- **REQUIRED ACTION**: Give again, word for word, every line below from the one that has "How to Repair Common Toilet Problems" through the one that has "A beautiful garden", both included, and no others.

- **INPUT MATERIAL**:
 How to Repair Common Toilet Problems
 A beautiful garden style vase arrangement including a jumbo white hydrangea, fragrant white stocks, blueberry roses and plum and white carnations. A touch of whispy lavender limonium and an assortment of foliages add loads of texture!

---

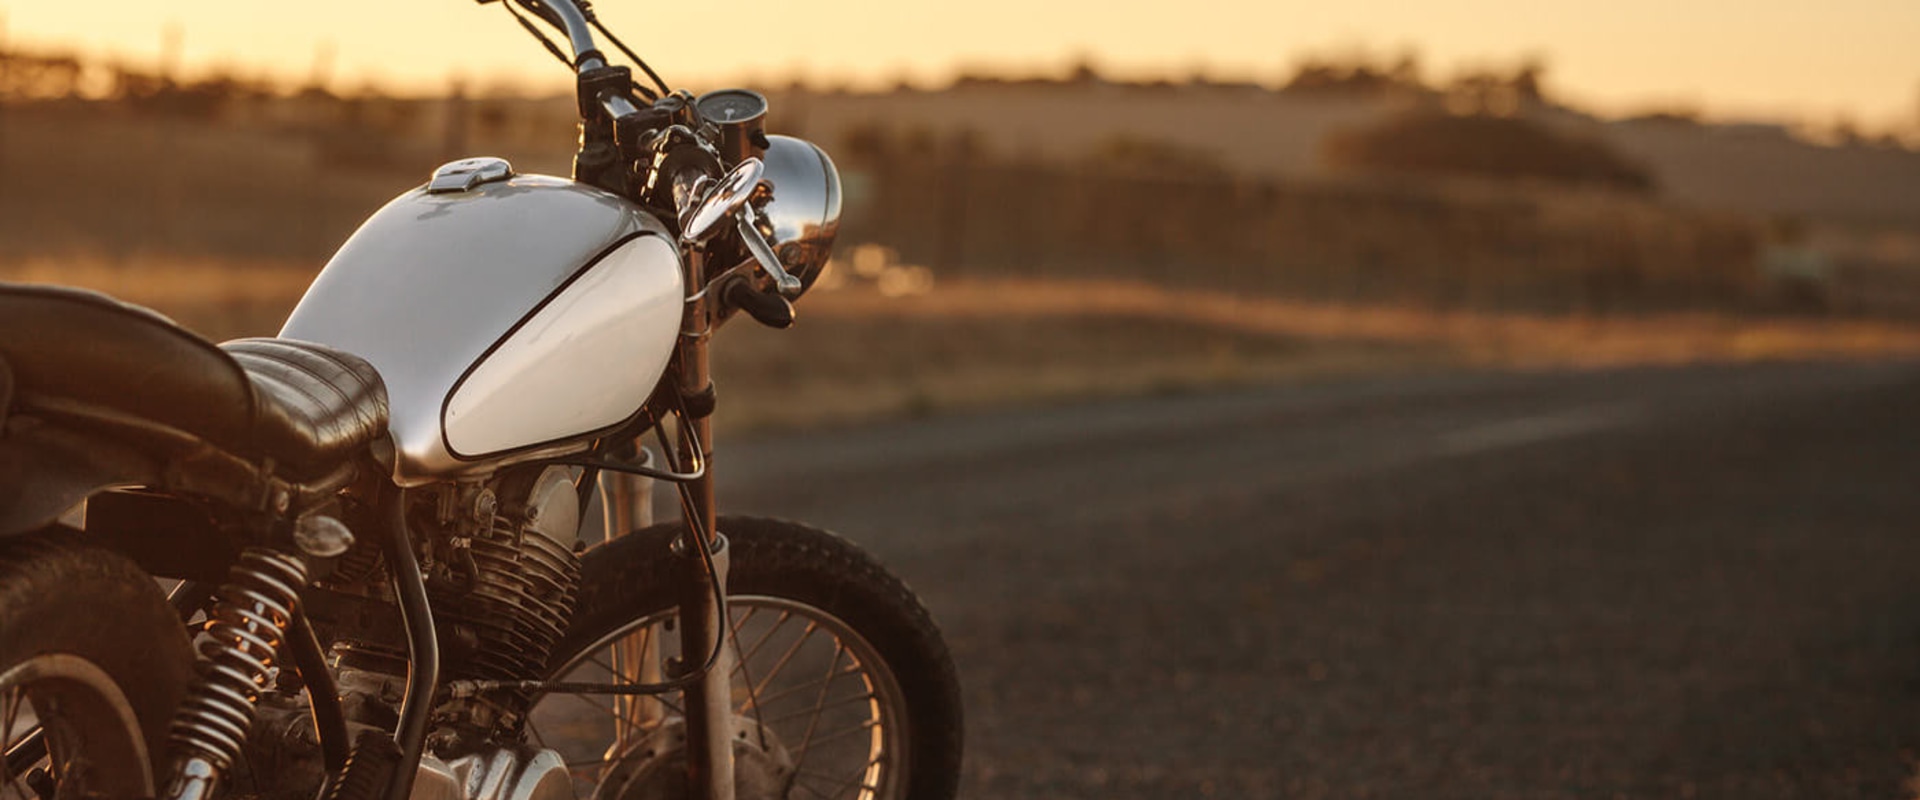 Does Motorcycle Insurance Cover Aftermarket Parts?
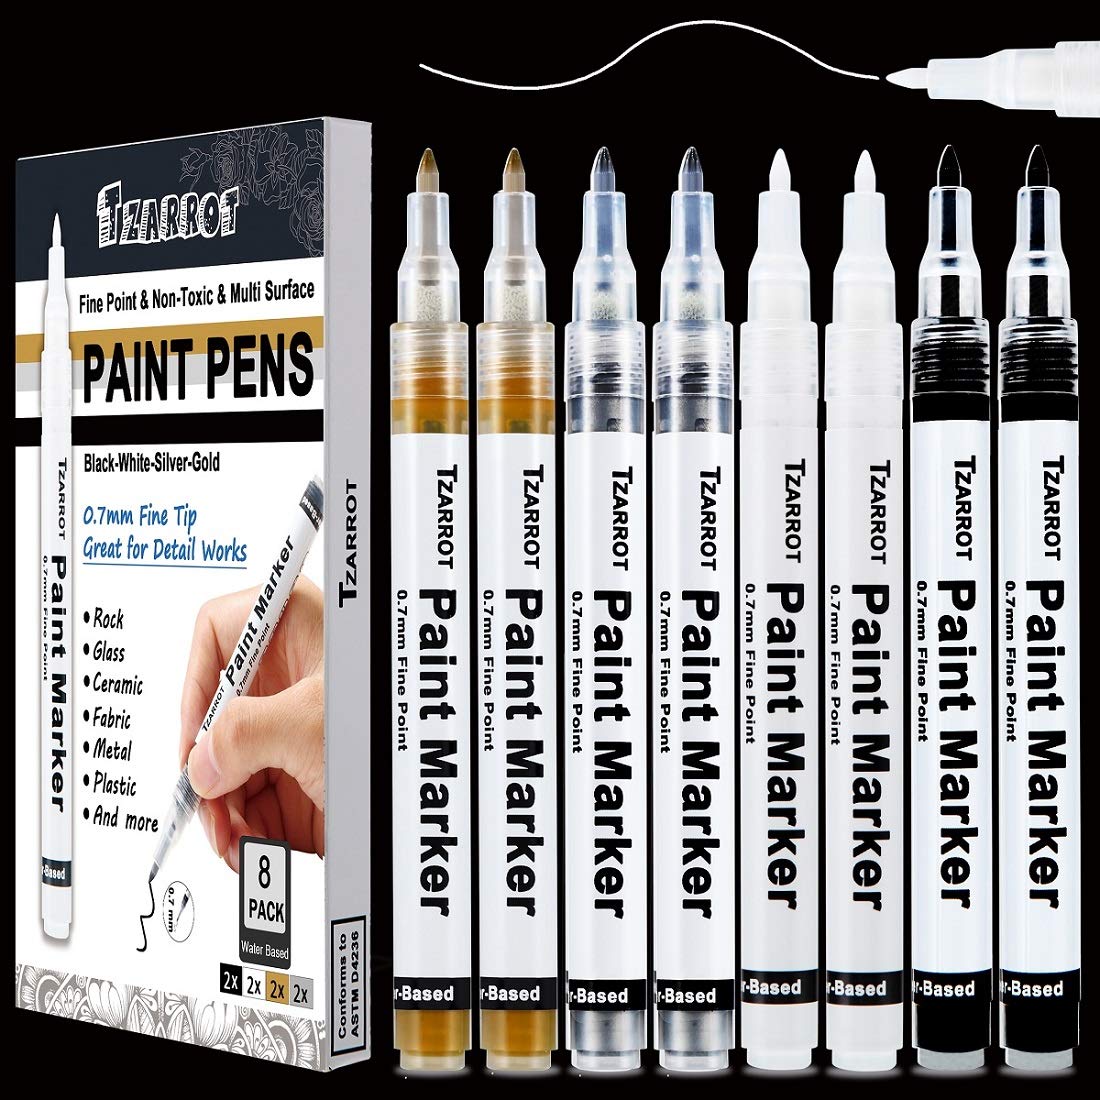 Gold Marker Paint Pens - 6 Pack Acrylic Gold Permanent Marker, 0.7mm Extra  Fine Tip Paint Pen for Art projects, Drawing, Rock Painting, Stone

- **ANSWER TO THE EXERCISE**:
 How to Repair Common Toilet Problems
 A beautiful garden style vase arrangement including a jumbo white hydrangea, fragrant white stocks, blueberry roses and plum and white carnations. A touch of whispy lavender limonium and an assortment of foliages add loads of texture!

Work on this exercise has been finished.